Generic XSLT transform to manipulate similar XML data

We have a tool which is producing an unwanted XML element and we are using XSLT to translate it to the required format.
We are writing a different XSLT for every XML generated by the file. e.g. one for the Customers XML, one for the Orders XML and so on.
Below are a couple of XML data files produced by the tool and the actual output expected
Customers
Tool-generated XML
<Message>
<Data>
<CustomerArray>
<Customer>
<X>
<Name>John</Name>
<Id>100</Id>
<Roles>
<Role>
<X>Manager</X>
<X>Architect</X>
</Role>
</Roles>
</X>
<X>
<Name>Doe</Name>
<Id>102</Id>
<Roles>
<Role>
<X>Supervisor</X>
<X>Admin</X>
</Role>
</Roles>
</X>
</Customer>
</CustomerArray>
</Data>
</Message>
Required XML data
<Message>
<Data>
<CustomerArray>
<Customer>
<Name>John</Name>
<Id>100</Id>
<Roles>
<Role>Manager</Role>
<Role>Architect</Role>
</Roles>
</Customer>
<Customer>
<Name>Doe</Name>
<Id>102</Id>
<Roles>
<Role>Supervisor</Role>
<Role>Admin</Role>
</Roles>
</Customer>
</CustomerArray>
</Data>
</Message>
Orders
Tool-generated XML
<Message>
<Orders>
<Order>
<X>
<OrderNumber>O123</OrderNumber>
<CustomerID>C100</CustomerID>
<Quantity>100</Quantity>
<UnitPrice>10.0</UnitPrice>
</X>
<X>
<OrderNumber>O456</OrderNumber>
<CustomerID>C107</CustomerID>
<Quantity>100</Quantity>
<UnitPrice>5.0</UnitPrice>
</X>
</Order>
</Orders>
</Message>
Required XML data
<Message>
<Orders>
<Order>
<OrderNumber>O123</OrderNumber>
<CustomerID>C100</CustomerID>
<Quantity>100</Quantity>
<UnitPrice>10.0</UnitPrice>
</Order>
<Order>
<OrderNumber>O456</OrderNumber>
<CustomerID>C107</CustomerID>
<Quantity>100</Quantity>
<UnitPrice>5.0</UnitPrice>
</Order>
</Orders>
</Message>
The unwanted element X can come at any level.
Is it possible to write a generic XSLT transform to achieve this result across all XML input?
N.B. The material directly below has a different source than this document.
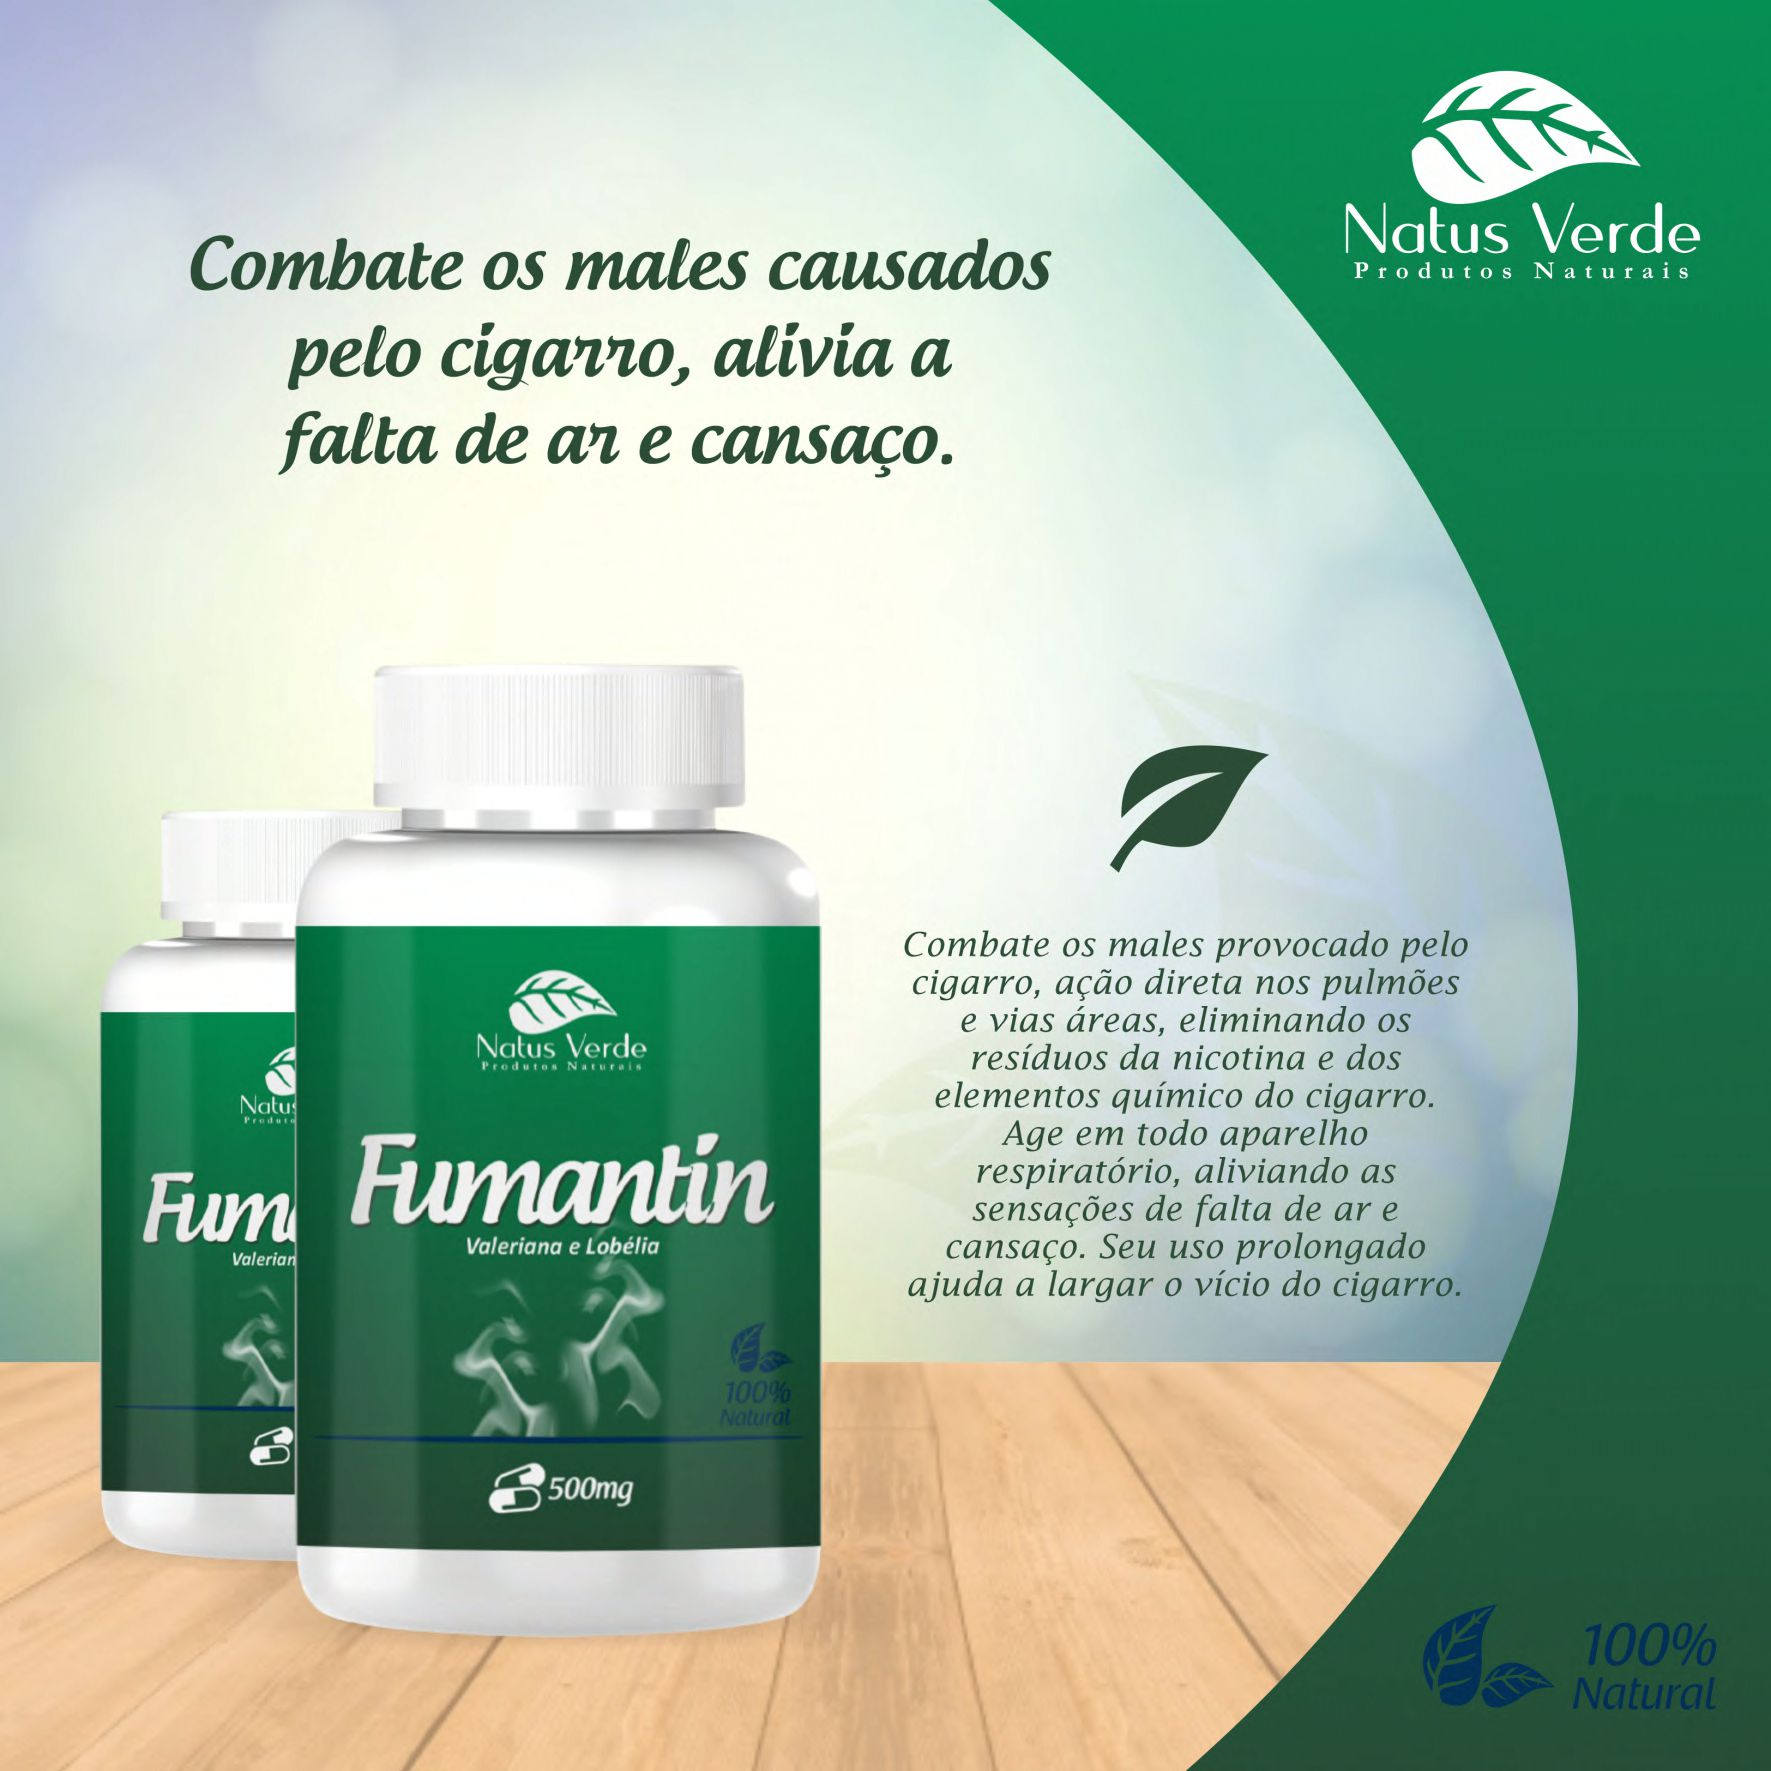 Produto Antitabagista Fumantin 60 Caps Natus Verde  - Fribasex - Fabricasex.com

For instance, where an X is found, replace it with the parent tag and then delete the parent tag.
You need to write an identity transform with an explicit template for all nodes that have any X children so that they can be replicated.
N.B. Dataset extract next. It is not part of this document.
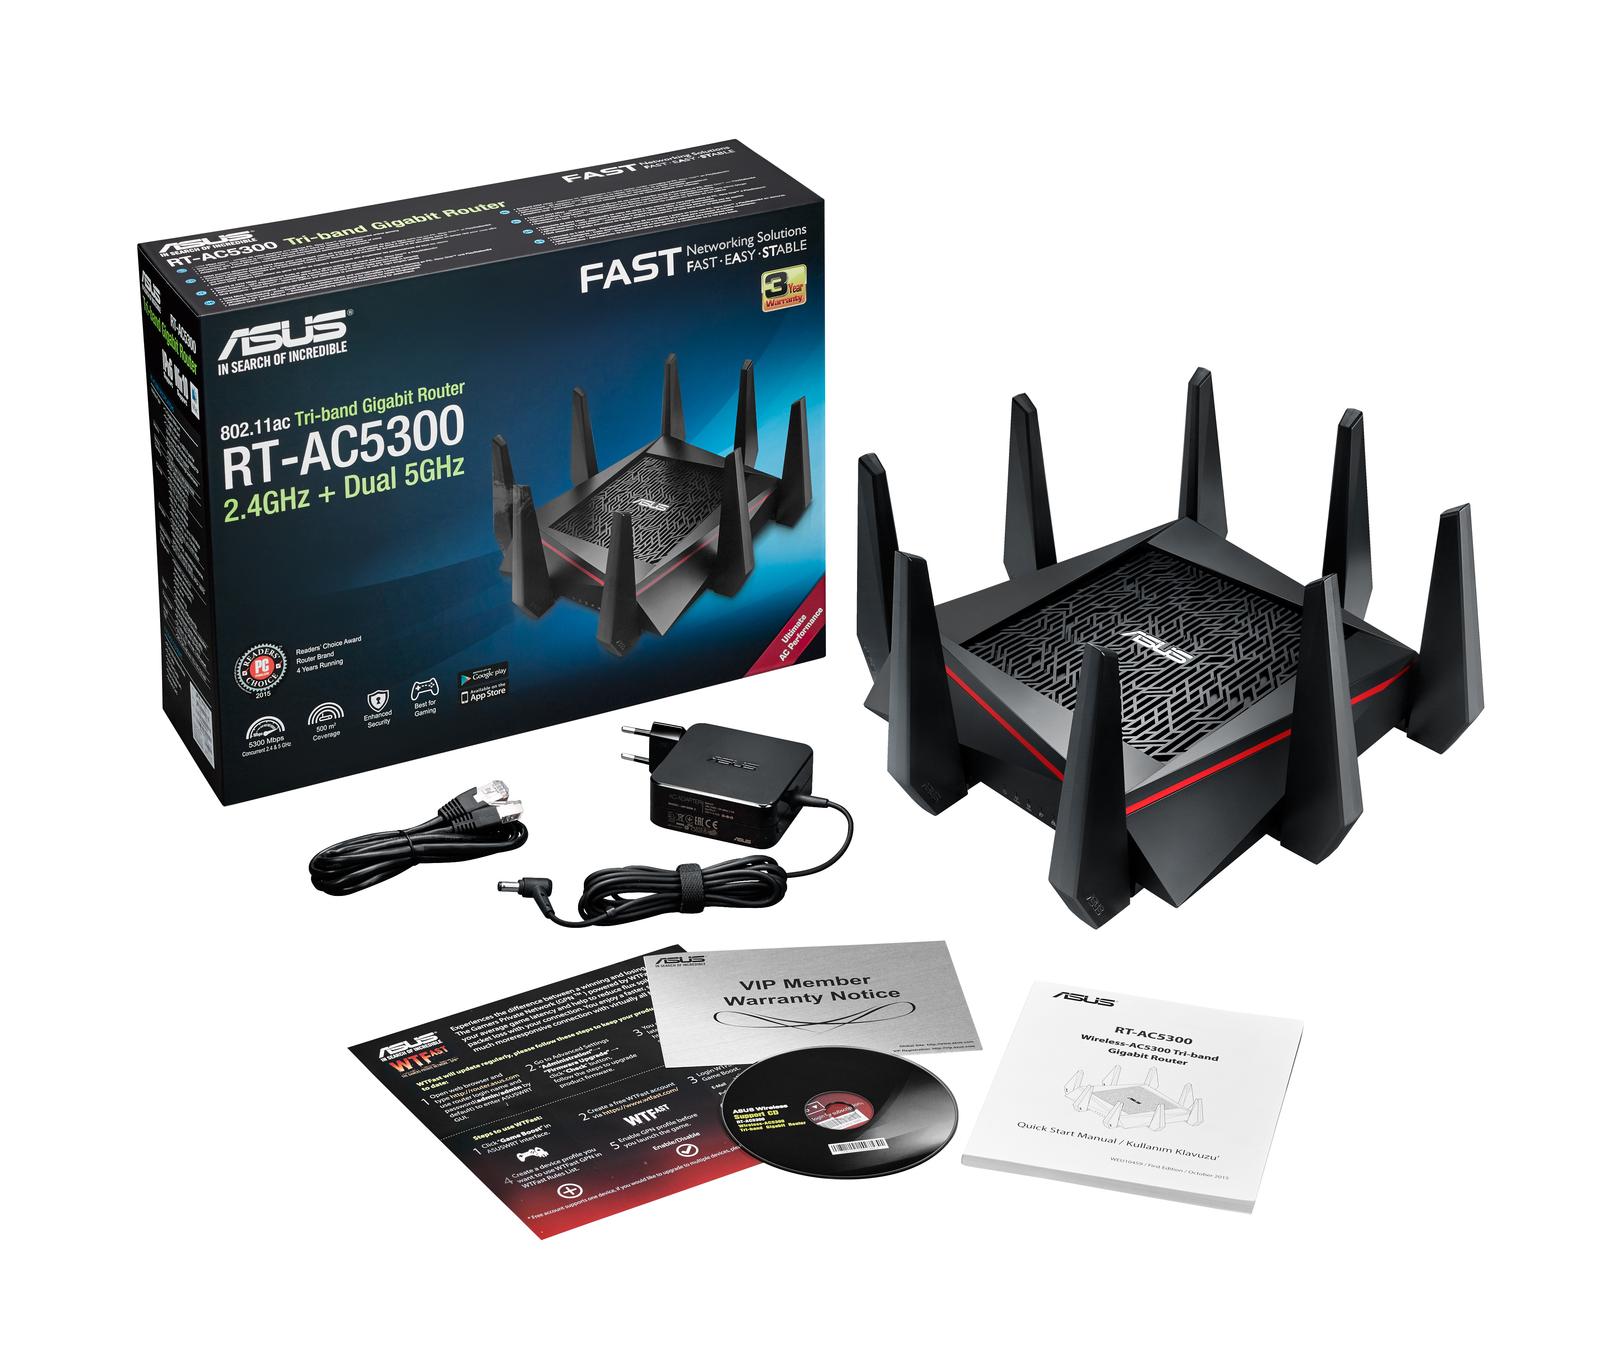 Asus Wireless Tri-Band Gigabit Router - FIBRE Ready image

This transform does what you asked. It uses the variable name to save the name of the element that is parent to the X to avoid writing the more obscure name(current()) when it comes to generating each output element.
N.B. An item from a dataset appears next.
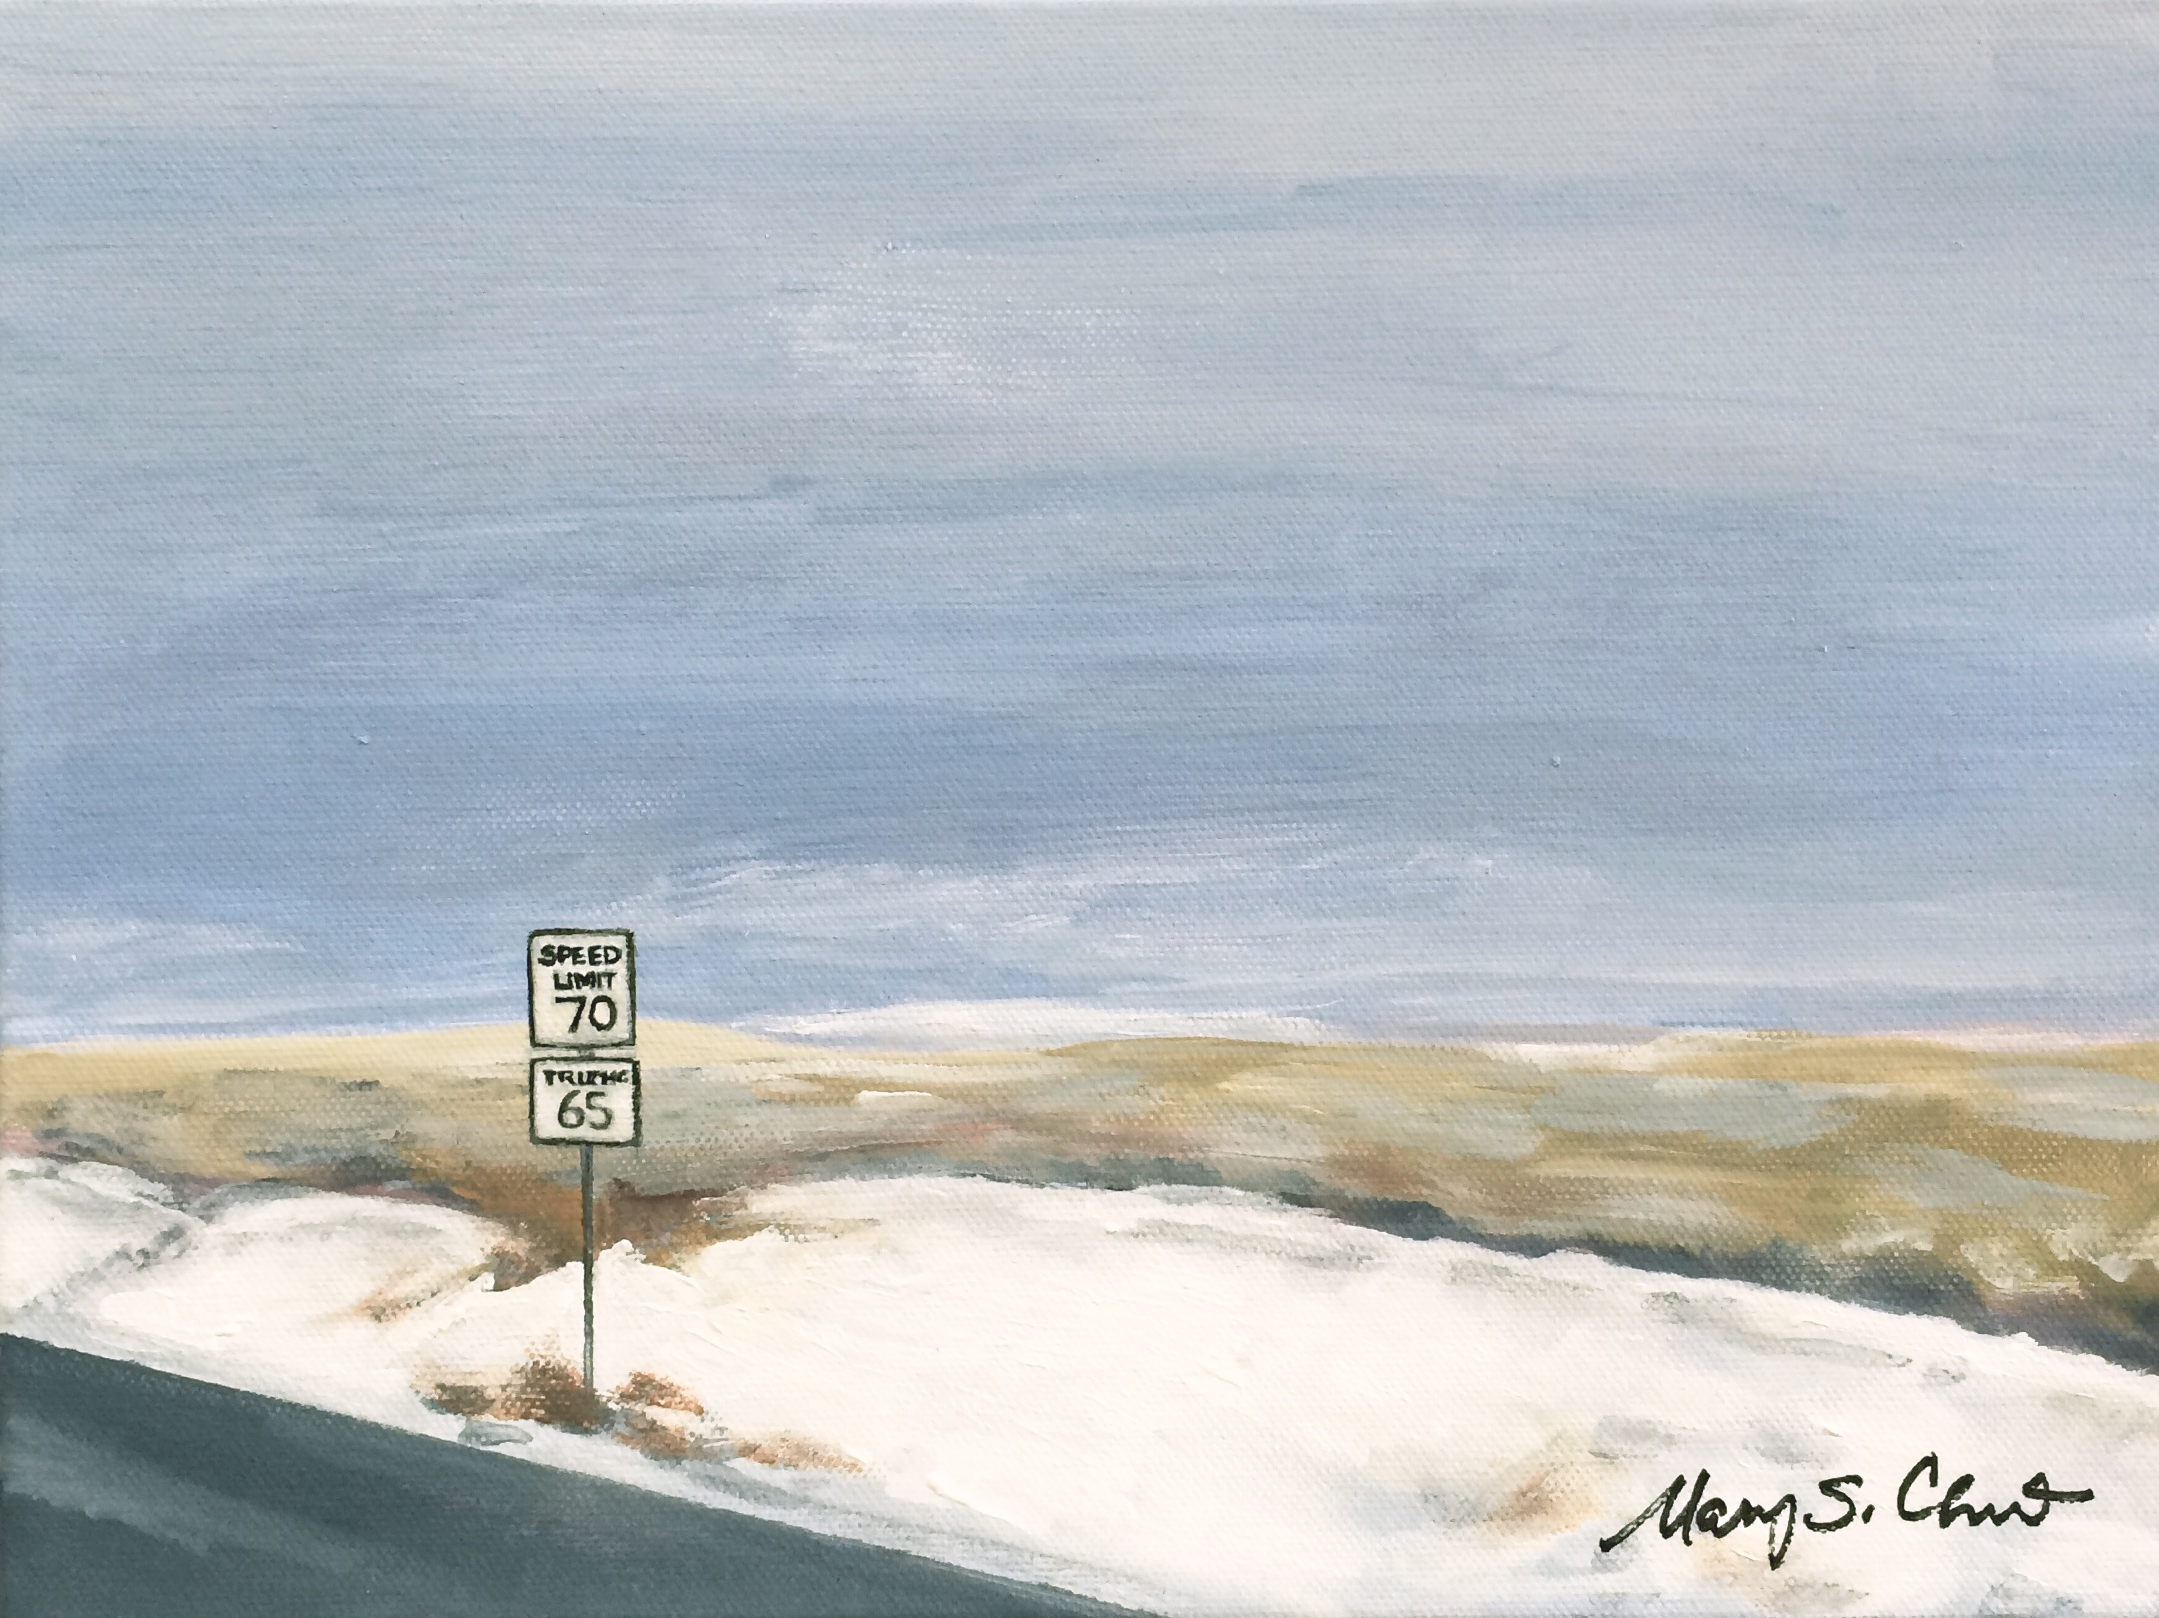 High Desert with Snow

<?xml version="1.0" encoding="UTF-8"?>
<xsl:stylesheet xmlns:xsl="http://www.w3.org/1999/XSL/Transform" version="1.0">
<xsl:strip-space elements="*"/>
<xsl:output method="xml" indent="yes" encoding="UTF-8" omit-xml-declaration="yes"/>
<xsl:template match="node()|#*">
<xsl:copy>
<xsl:apply-templates/>
</xsl:copy>
</xsl:template>
<xsl:template match="*[X]">
<xsl:variable name="name" select="name()"/>
<xsl:for-each select="X">
<xsl:element name="{$name}">
<xsl:apply-templates/>
</xsl:element>
</xsl:for-each>
</xsl:template>
</xsl:stylesheet>
output
Customers
<Message>
<Data>
<CustomerArray>
<Customer>
<Name>John</Name>
<Id>100</Id>
<Roles>
<Role>Manager</Role>
<Role>Architect</Role>
</Roles>
</Customer>
<Customer>
<Name>Doe</Name>
<Id>102</Id>
<Roles>
<Role>Supervisor</Role>
<Role>Admin</Role>
</Roles>
</Customer>
</CustomerArray>
</Data>
</Message>
Orders
<Message>
<Orders>
<Order>
<OrderNumber>O123</OrderNumber>
<CustomerID>C100</CustomerID>
<Quantity>100</Quantity>
<UnitPrice>10.0</UnitPrice>
</Order>
<Order>
<OrderNumber>O456</OrderNumber>
<CustomerID>C107</CustomerID>
<Quantity>100</Quantity>
<UnitPrice>5.0</UnitPrice>
</Order>
</Orders>
</Message>
Here is a slightly simpler/shorter solution, which also handles correctly the case when a X can have non X sibling elements:
<xsl:stylesheet version="1.0" xmlns:xsl="http://www.w3.org/1999/XSL/Transform">
<xsl:output omit-xml-declaration="yes" indent="yes"/>
<xsl:strip-space elements="*"/>
<xsl:template match="node()|#*">
<xsl:copy>
<xsl:apply-templates select="node()|#*"/>
</xsl:copy>
</xsl:template>
<xsl:template match="*[X]"><xsl:apply-templates/></xsl:template>
<xsl:template match="X">
<xsl:element name="{name(..)}">
<xsl:apply-templates select="node()|#*"/>
</xsl:element>
</xsl:template>
</xsl:stylesheet>
When this transformation is applied to the following XML document (the first of the provided ones, with one non-X sibling added to the X elements:
<Message>
<Data>
<CustomerArray>
<Customer>
<X>
<Name>John</Name>
<Id>100</Id>
<Roles>
<Role>
<X>Manager</X>
<X>Architect</X>
</Role>
</Roles>
</X>
<somethingElse/>
<X>
<Name>Doe</Name>
<Id>102</Id>
<Roles>
<Role>
<X>Supervisor</X>
<X>Admin</X>
</Role>
</Roles>
</X>
</Customer>
</CustomerArray>
</Data>
</Message>
the wanted, correct result is produced:
<Message>
<Data>
<CustomerArray>
<Customer>
<Name>John</Name>
<Id>100</Id>
<Roles>
<Role>Manager</Role>
<Role>Architect</Role>
</Roles>
</Customer>
<somethingElse/>
<Customer>
<Name>Doe</Name>
<Id>102</Id>
<Roles>
<Role>Supervisor</Role>
<Role>Admin</Role>
</Roles>
</Customer>
</CustomerArray>
</Data>
</Message>
Do note that the solution by Borodin loses the somethingElse element.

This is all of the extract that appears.